As we are using an array, we must fix its size. To know the size of the array we must answer this question - For any given problem, what would be the maximum number of days?

For a problem having n days, on n^{th} day, the maximum value of days[n] could be 20000 (2 * 10^{4}). Thus, we would build a fixed size array applesExpiry of size n + 20000.
In the ordered map, we removed the elements where the expiry days had passed the current day. In the case of an array, we could simply increment the pointer to find the next expiry day after the current day. Let's use a pointer latestExpiryPointer for this purpose.

The latestExpiryPointer will always point to the next expiry day after currentDay when a certain number of apples are going to expire. To ensure this condition, in every iteration, the latestExpiryPointer is incremented until latestExpiryPointer is less than or equal to currentDay or if no apples are expiring on a day.
What should be the terminating condition?

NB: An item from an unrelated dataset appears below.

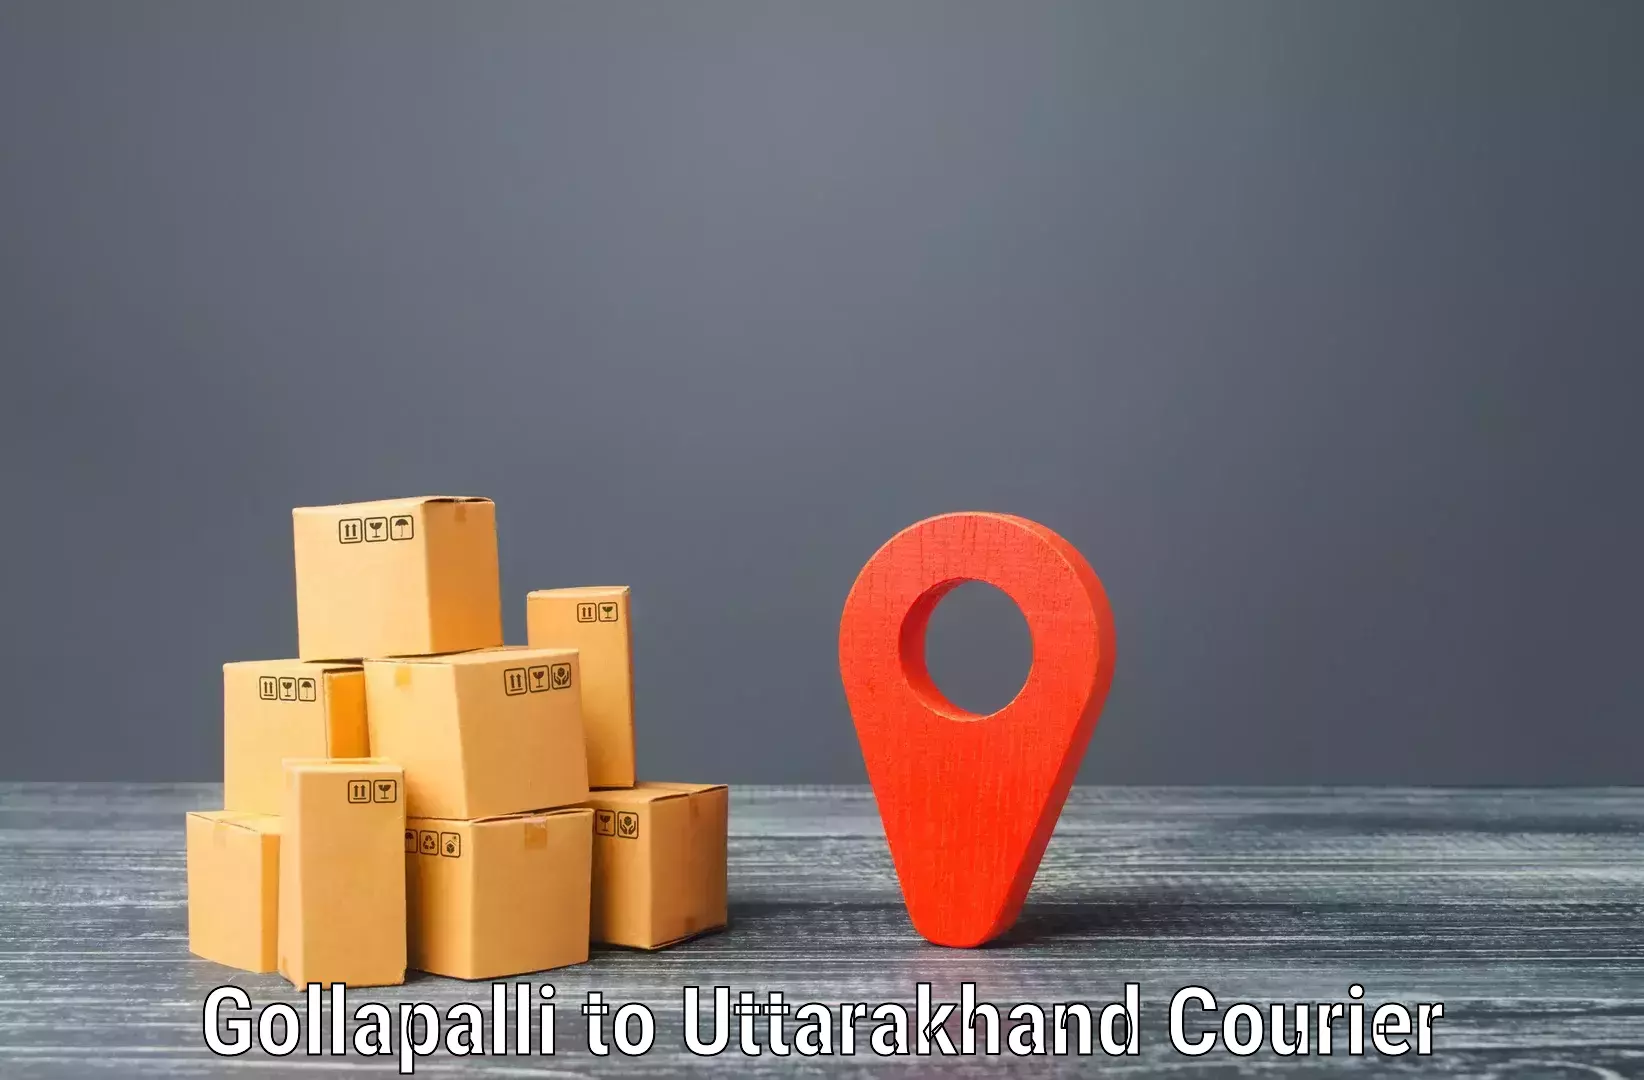 Multi-national courier services Gollapalli to Gairsain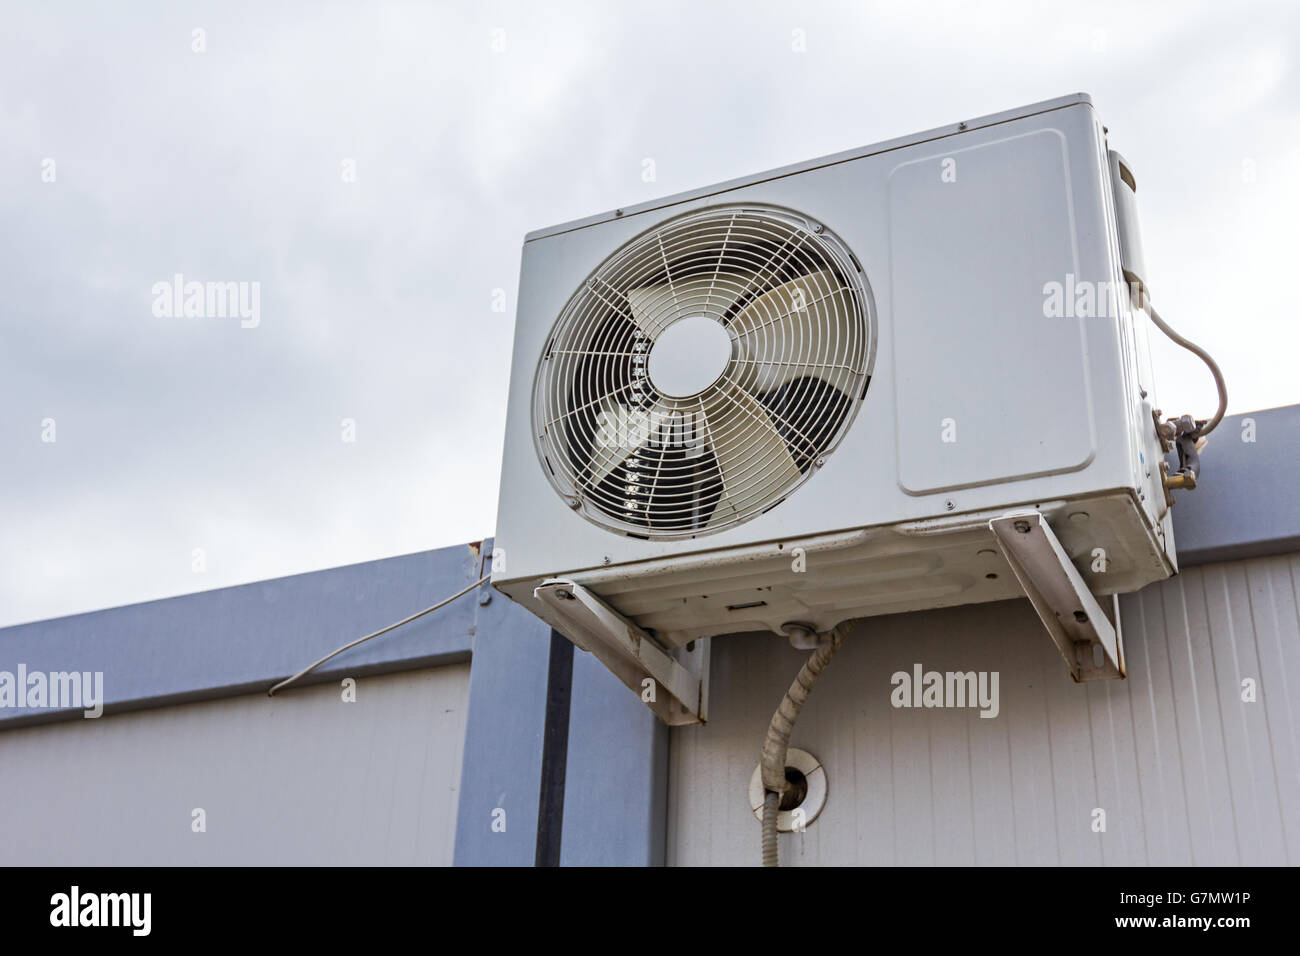 Outdoor unit, compressor, of air conditioner is placed on white container office. Stock Photo

In previous approaches, we terminated when the farthest expiry day was reached and the map was empty. Here, we would have to find the maximum expiry day which would be our last day. Let the variable be lastDay and in every iteration, we would update the lastDay to be the maximum value of currentExpiry.

The iteration would terminate when currentDay is equal to the lastDay.

The following figure illustrates the idea for apples = [3, 2] and days = [2, 4].

Implementation

Complexity Analysis

Time Complexity : \mathcal{O}({\text{maxExpiryDay}}), where \text{maxExpiryDay} is the maximum value among all expiry days. The iteration continues until currentDay is equal to lastDay. The value of lastDay is equal to maximum of all expiry days, given by max(currentExpiry).
Space Complexity: \mathcal{O}(n), as we an array of size n + 20001, the space complexity would be roughly equal to \mathcal{O}(n).